Lanzando consignas alarmistas, los reformistas, hacen la pinza, no sólo con las fuerzas reaccionarias y centristas desde el parlamento, sino con supuestas fuerzas y colectivos “ultraizquierdistas” desde la calle, que motejan de “fascista” al 25-S por su carencia de nitidez ideológica de sus convocantes.

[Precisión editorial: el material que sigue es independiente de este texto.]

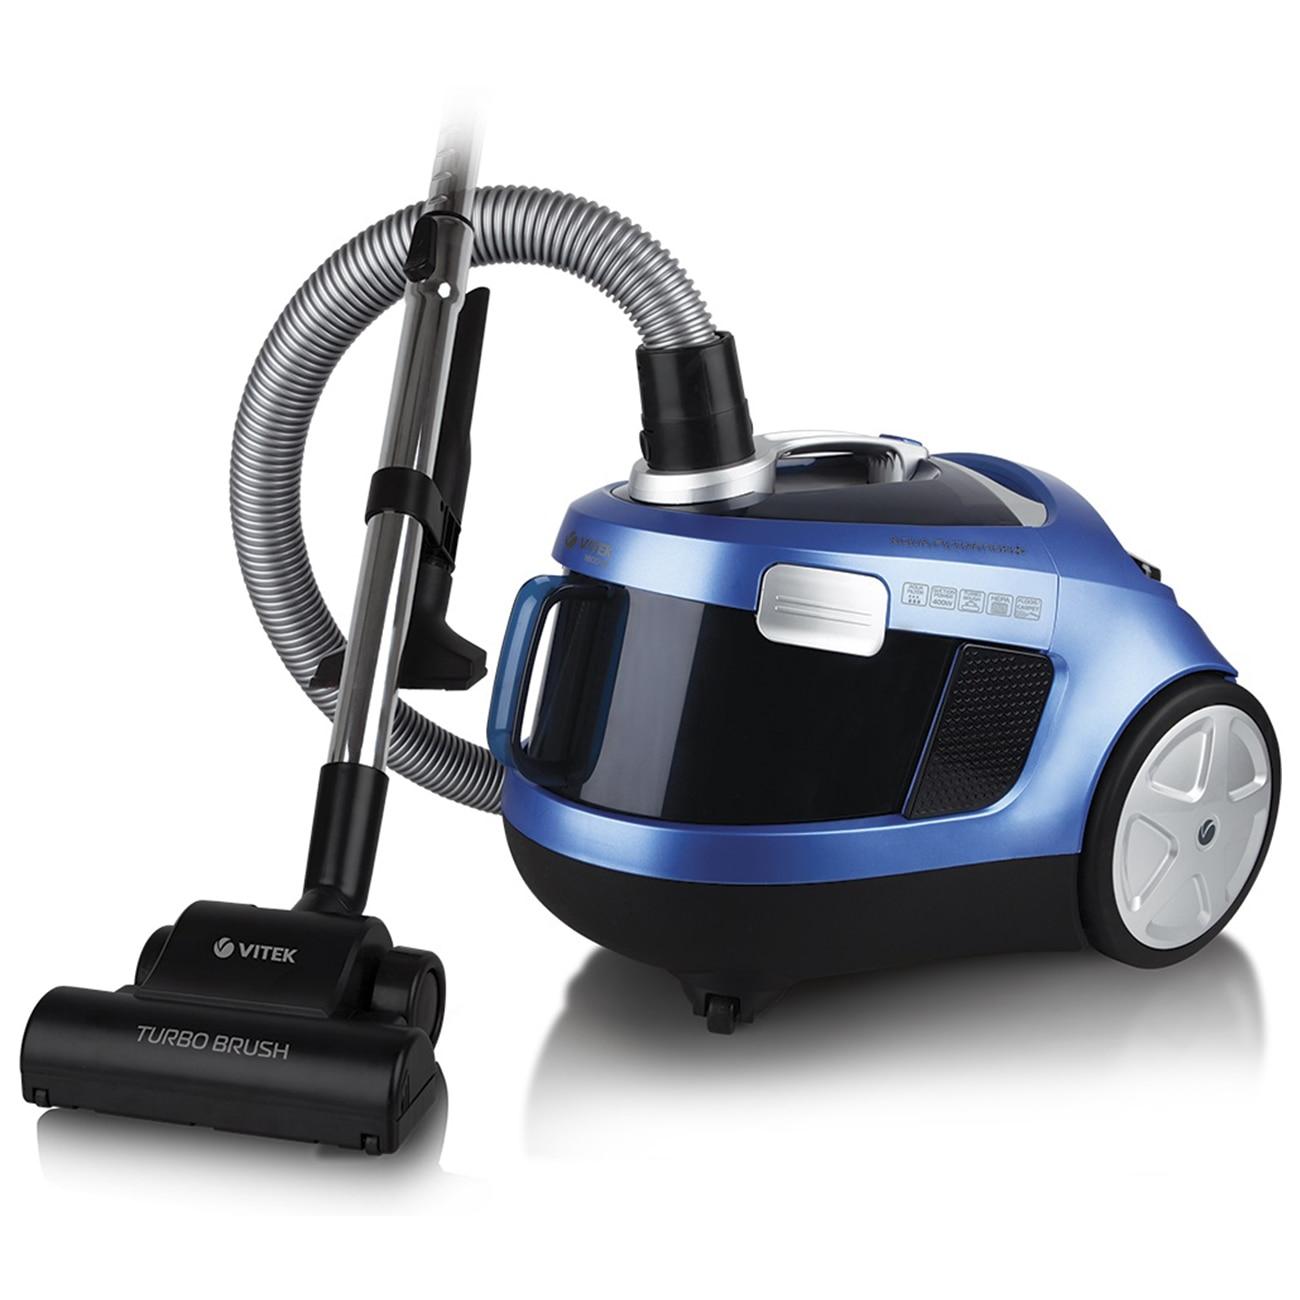 Electric vacuum cleaner Vitek VT-1886 B electric vacuum cleaner vitek vt 1833 pr

Hablamos de colectivos de carácter conspiranoico, que pretenden que detrás de todos los grandes movimientos y acontecimientos sociales del siglo XXI se esconden complejas tramas y conspiraciones formadas por pequeños y reducidos círculos elitistas que planifican el engaño colectivo desde el poder en las sombras, alejados de la luz pública (como si de una teleserie de extraterrestres, más que de un acontecimiento político, se tratase).

En su visión, para los conspiranoicos, que se dan la mano con los reformistas en los hechos, es impensable una situación en la que el pueblo, organizado, escriba su historia, protagonizando complejos procesos revolucionarios cuyo resultado no es siempre fruto de los buenos deseos, sino de complicadas correlaciones de fuerzas entre los que quieren avanzar hacia objetivos radicales, y los que quieren limitar las reivindicaciones y frenarlo todo, reduciéndolo a un mero cambio de “régimen constitucional o parlamentario”, a la caída de un dictador, o a una reforma superficial de las leyes y de la estructura política, pero sin tocar la económica.

Es precisamente gracias a los reformistas que desalientan la revolución, y a aquellos grupos conspiranoicos que desalientan a la gente de participar en ellas, por miedo a no ser lo “bastante revolucionarias” como ellos, en sus sueños megalómanos desearían, que estas revoluciones terminan por fracasar, imponiéndose pequeños y limitados cambios superficiales que no tocan la realidad social ni los intereses de los grupos de poder establecidos en lo económico.